莫里斯稍稍往後站了站。你並不需要太聰明也能看出前頭的情形很糟糕,說不準什麼時候就可能需要撒腿跑遠一些。

從腿縫間他看見了黑皮、火腿和其他幾隻突變的老鼠。他們站在地板的中央,抬頭看著那些籠子。

他驚訝地發現甚至連火腿也在發抖,但那是盛怒的顫抖。

「放他們出來!」他對基思吼道,「把他們都放出來!立刻把他們都放出來!」

「又一隻會說話的老鼠?」馬利西亞說。

「放他們出來!」火腿尖叫道。

「這麼多噁心的籠子……」馬利西亞瞪大眼睛說。

「我說過鐵絲網的事情吧。」基思說,「瞧,能看見補過的地方……它們咬斷了鐵絲想要逃出來。」

「我說把他們放出來!」火腿尖叫道,「把他們放出來,不然我就殺了你們!邪惡!邪惡!邪惡!」

「但它們只是些老鼠……」馬利西亞說。

火腿縱身跳上女孩的裙子,爬上她的脖子。女孩僵住了。火腿嘶聲叫道:「老鼠在那兒互相吞噬!我咬死你,你這個邪惡的……」

基思的手緊緊地抓住了火腿的腰,把他從女孩的脖子上拉了下來。

火腿毛髮倒豎,尖叫著把牙齒深深地扎進了基思的手指。

馬利西亞驚叫一聲,連莫里斯也退縮了。

火腿抬起頭,驚恐地眨著眼睛,鮮血從他的嘴角滴了下來。

淚水湧上了基思的眼睛,但他把火腿小心地放在地上。「是氣味,」他平靜地說,「讓他們不安。」

「好……好像你說過他們很溫順。」馬利西亞說,她終於能開口說話了。她抄起一塊斜靠在籠子上的木頭。

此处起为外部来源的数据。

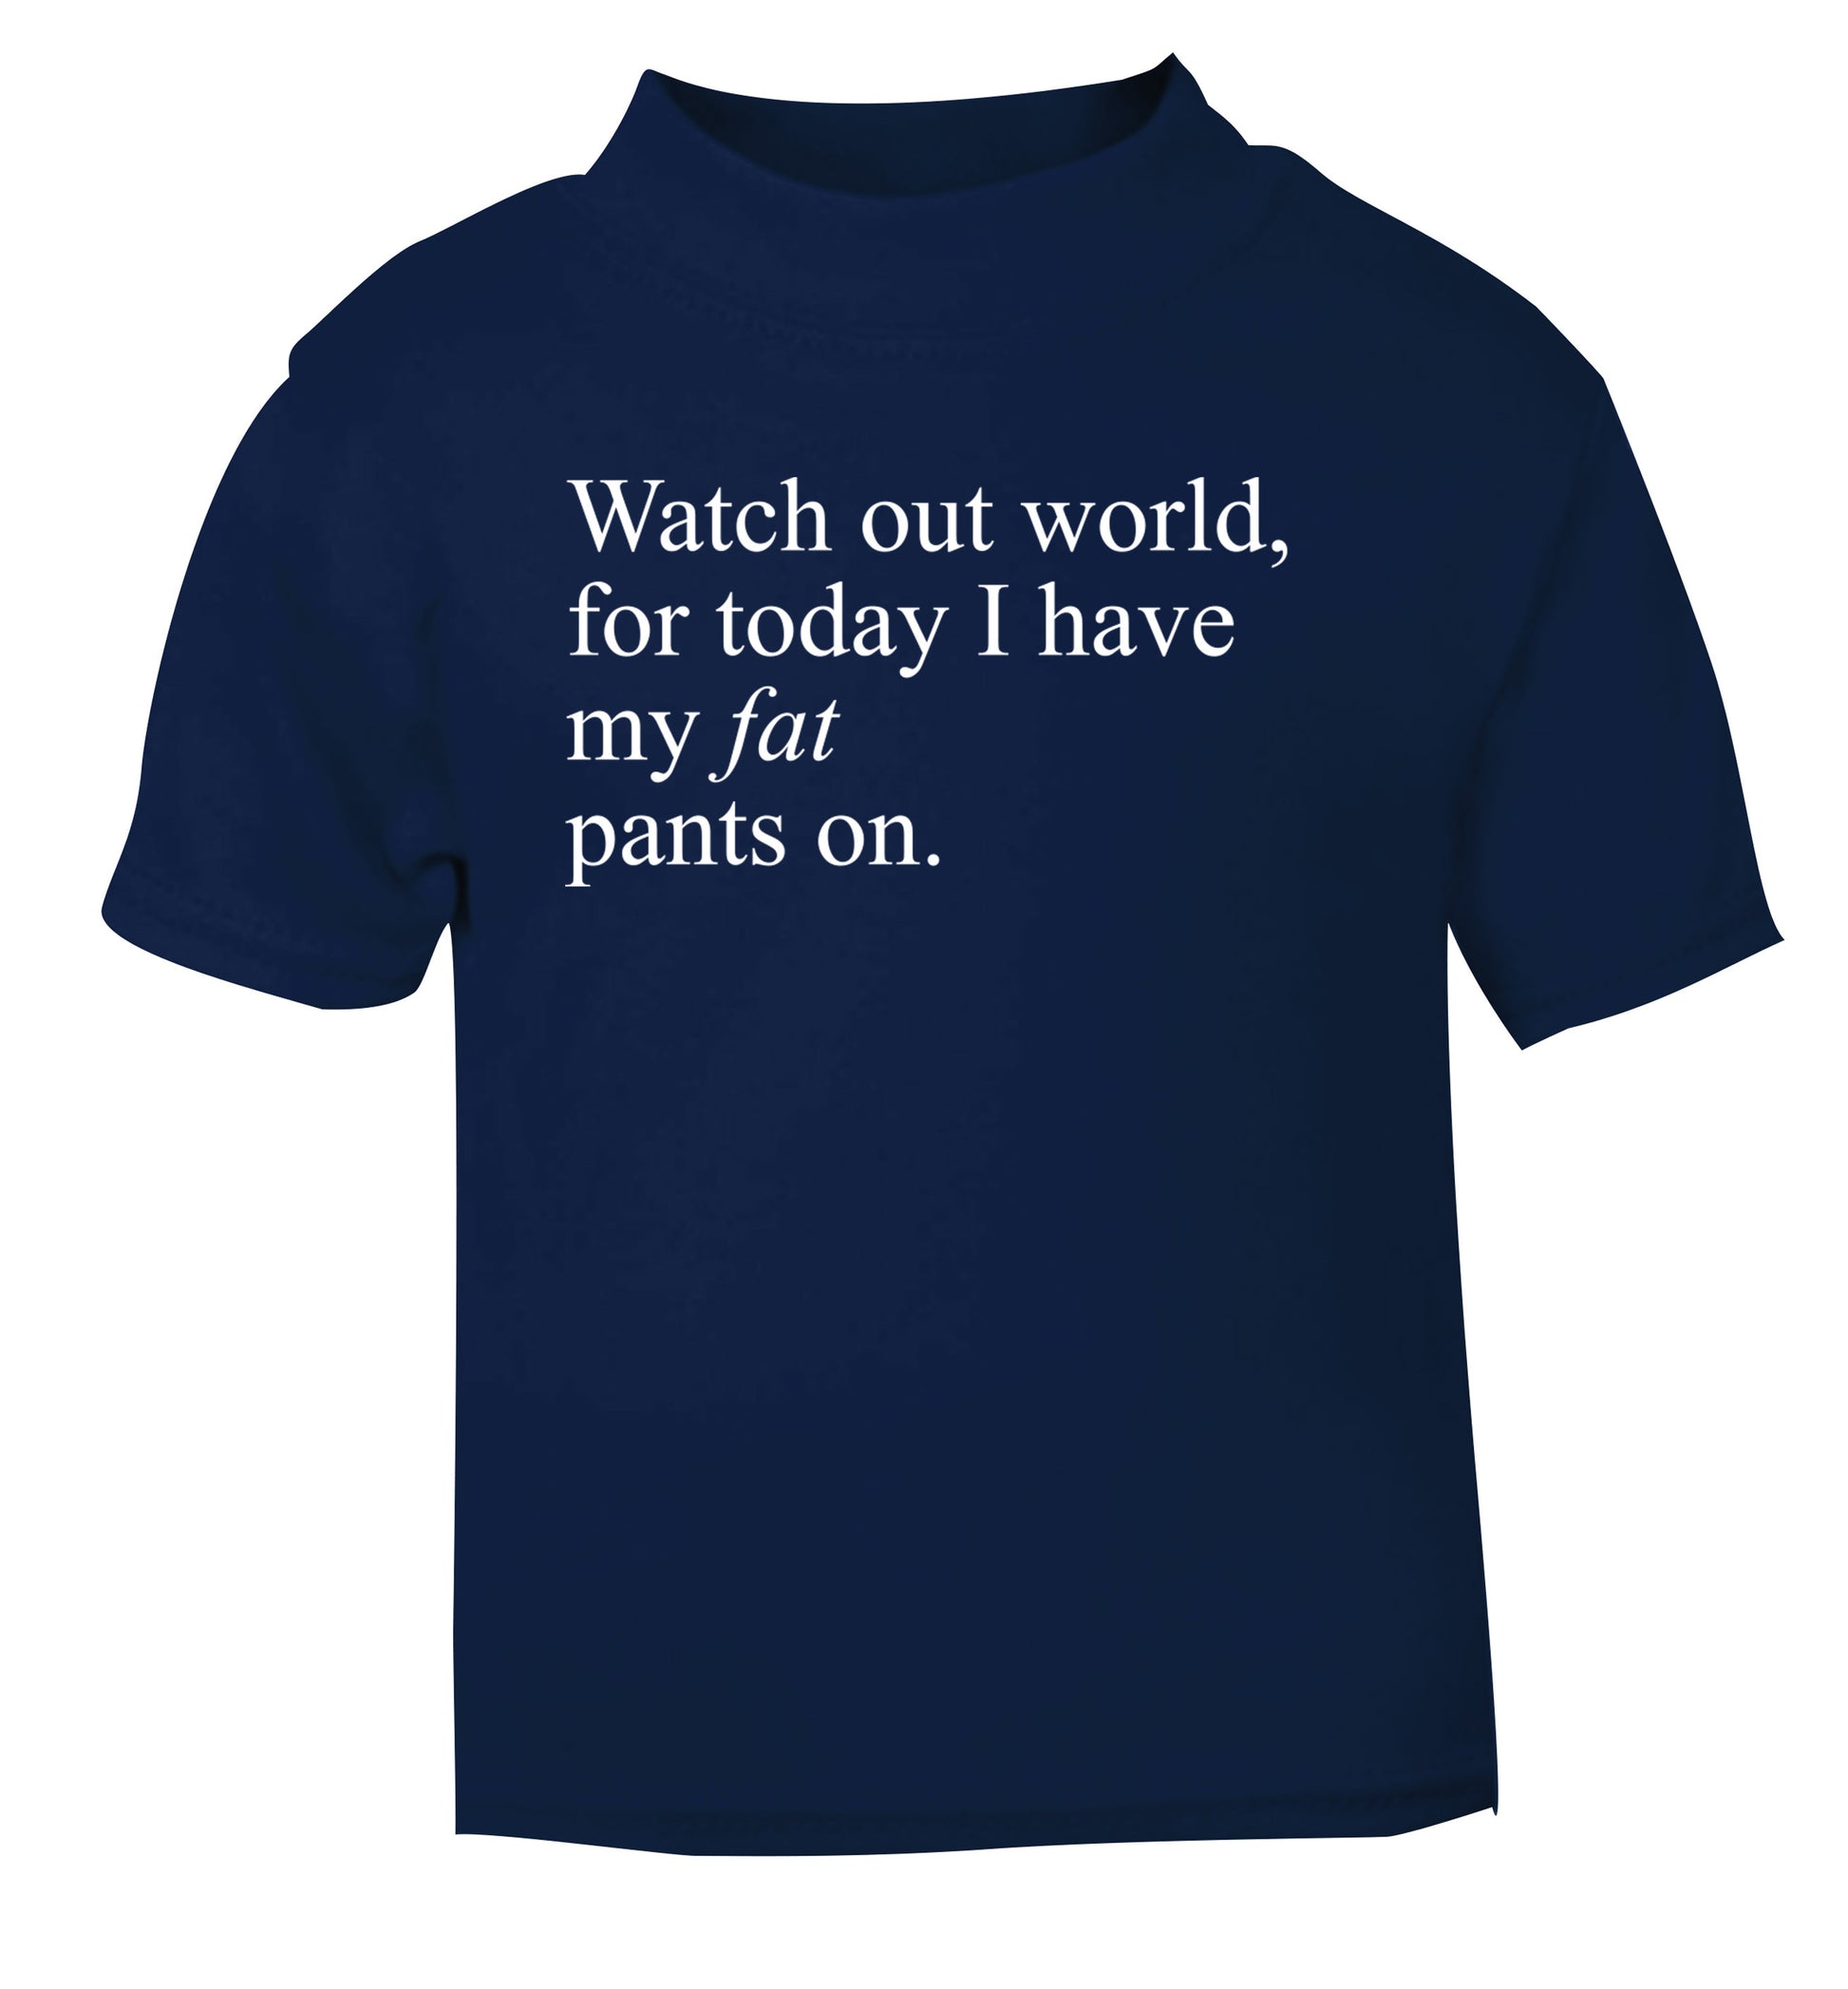 Watch out world, for today I have my fat pants on navy Baby Toddler Tshirt 2 Years

基思打飛了她手中的木頭。「不要,別想嚇唬我們中任何一個!」

「他咬了你!」

「轉過頭看看!這不是故事!這是真的!你懂嗎?他們嚇得慌了神!」

「你怎麼敢這麼跟我說話!」馬利西亞叫道。

「我就‘克熱拉拉熱特’敢!」

「我們哪一個,呃?‘克熱拉拉熱特’是老鼠的罵人話嗎?你連罵人都用老鼠語嗎,老鼠男孩?」

跟貓一樣,莫里斯想,面對面站著,衝著對方尖叫。他的耳朵一轉,遠處傳來了聲響,有人順著梯子下來了。根據經驗莫里斯知道現在不是跟人說話的時候,他們總是說一些「怎麼啦?」「沒有的事兒!」「在哪兒?」什麼的。